How To Dress For Management Consulting Interviews – You Are What You Wear

You are what you wear and the clothes are man, they say. Although you have obtained your management consulting interview based on your hard work and credentials, it can not reduce the impact that visual impressions contribute to the overall picture. How you appear and the clothes you wear will convey a serious message to your hiring committee. There are a few simple ways to ensure that you will look professional. Just follow some basic rules about what to use and what not to use.

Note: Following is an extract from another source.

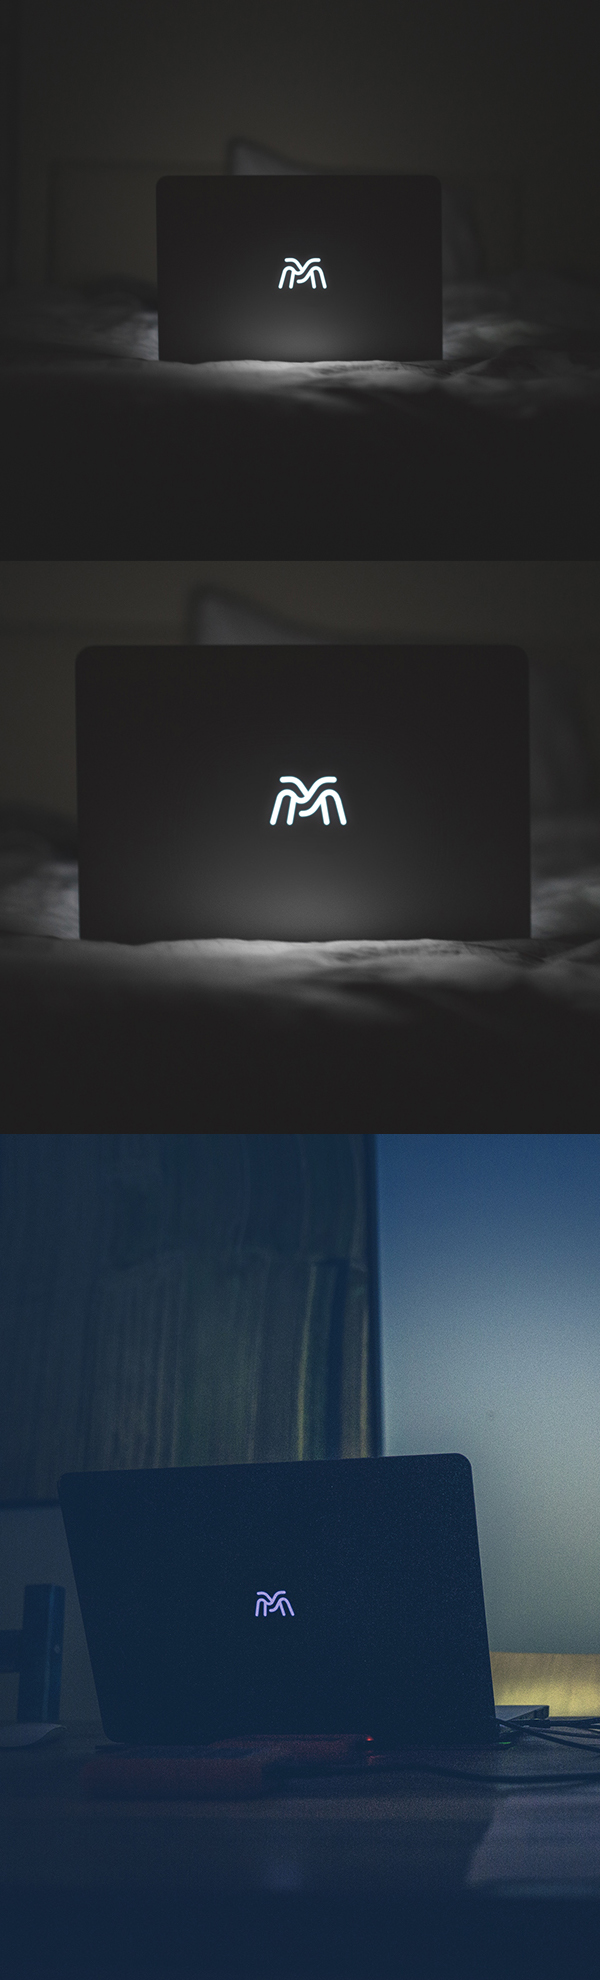 Free Backlight Macbook Logo Mockup
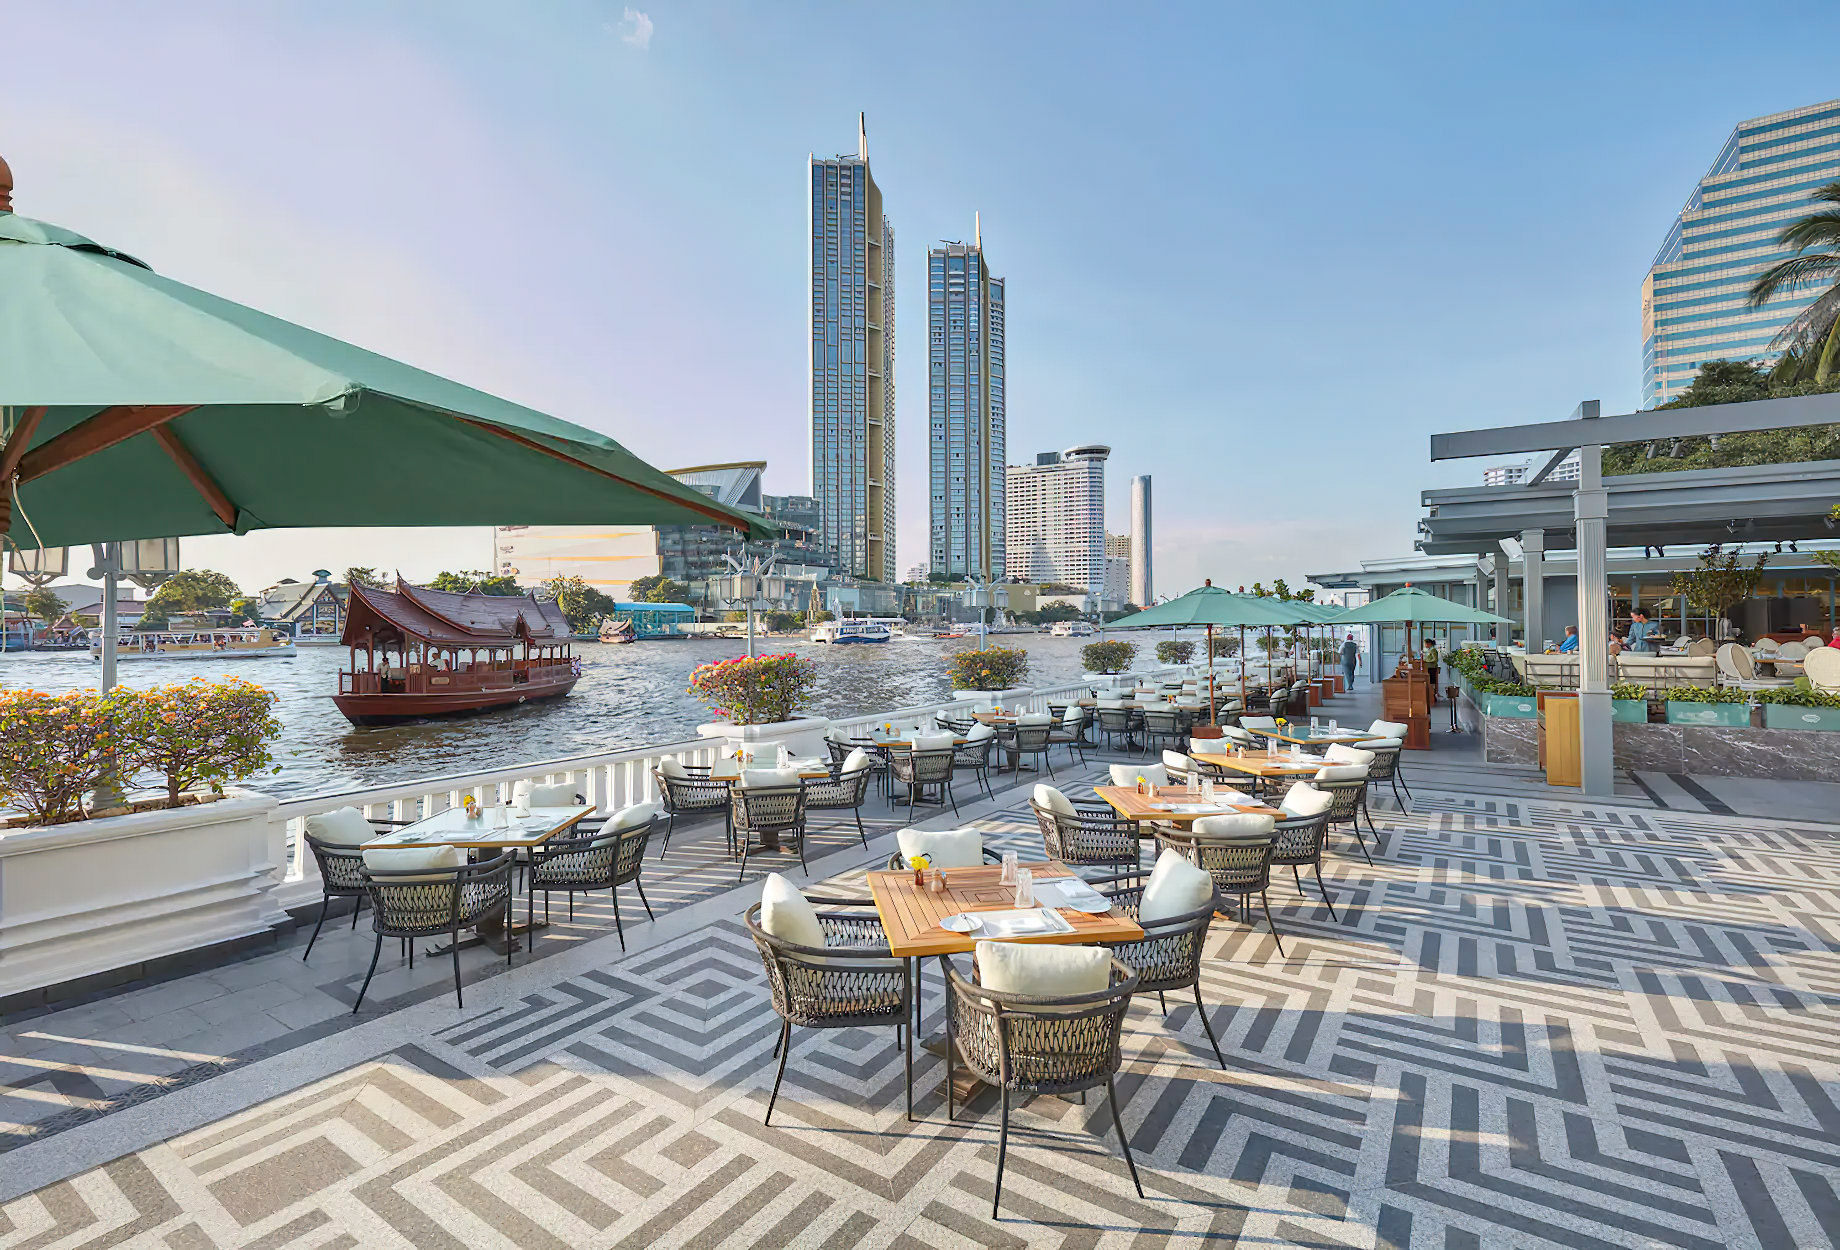 Mandarin Oriental, Bangkok Hotel – Bangkok, Thailand – The Verandah Restaurant Terrace

Human resources executives at McKinsey and BCG, among others, widely agree that simplicity is key to choosing interview costumes. You should avoid anything impressive or exaggerated. You want to look smart and be together, which means you should pay attention to the details, like pressing your suit the night before. You do not want to appear in your management consulting interview with the appearance of having your clothes removed from the bottom of a laundry basket or a suitcase. All of this may seem basic in terms of interview etiquette, but according to the current Boaz employees, they’ve seen it all. Rigas, among other small visual details, can leave a lasting and negative impression on the minds of the hiring committee.

Men should be conservative in a suit and tie. Press your shirt and exhale your suit before the interview. A fold that comes up while sitting during the waiting period is fine as long as the suit has been professionally approved prior to the interview. Men’s shoes should be clean and dust-free or polished. You will not want to come with mud on the bottom of your shoe. Be sure to leave a nasty and lasting impression on the clerk who is forced to clean his mess.

Women should meet similar expectations of costumes. Neat trousers or skirts and low cut tops are terrible for a job interview. Women should keep their colors neutral and avoid many jewelry. A simple suit of navy blue or charcoal with a white or creamy blouse and a silver chain is a nice touch. Similarly, conservative, comfortable and professional footwear is preferred.

For men and women, avoid over-cluttering for your management consulting interview. It is preferable not to overdo it and fly “under the radar” visually to dress too much or too little (dress revealingly). Wear a European-style costume with vest and scarf shouts fashionista instead of management consultant. Stay with muted colors, such as blue, brown, gray and white. Avoid strong, striking colors such as red, orange or green. It is important not to force the envelope when choosing the dressing room for the interview. You want to leave a lasting impression and stand out from the rest, but achieving this with your clothes is not the way to go.

It is important to avoid scented perfume or strong cologne in your management consulting interview. A consultant from Bain told the story of a woman who appeared in her consulting interview and smelled like she had left the perfume factory. The members of the interviewing committee actually had to step out into the fresh air once it left because of the lingering scent. A mild deworming spray is needed, but exaggerating the scent is a false step to interview.

Kearney consultants recommend, as well as most management consulting teams, that the key to dressing your interview properly is to keep it simple and comfortable. You do not want to wear restrictive clothes that cut the circulation in the middle of the meeting or you stumble on your own feet because you insisted on wearing four-inch heels that are not practical.

Dress for success and never overdo it. The last thing you want to do during your management consulting interview is worrying about a faulty wardrobe or if your equipment is costing you the job. By focusing less on costumes and paying attention to the overall impression you are making, you can spend more time honing your interview skills and researching the company.

Take the path of least resistance when it comes to selecting your wardrobe. Think about business attire and do not stray from the plan. It’s better to underestimate rather than overdo it.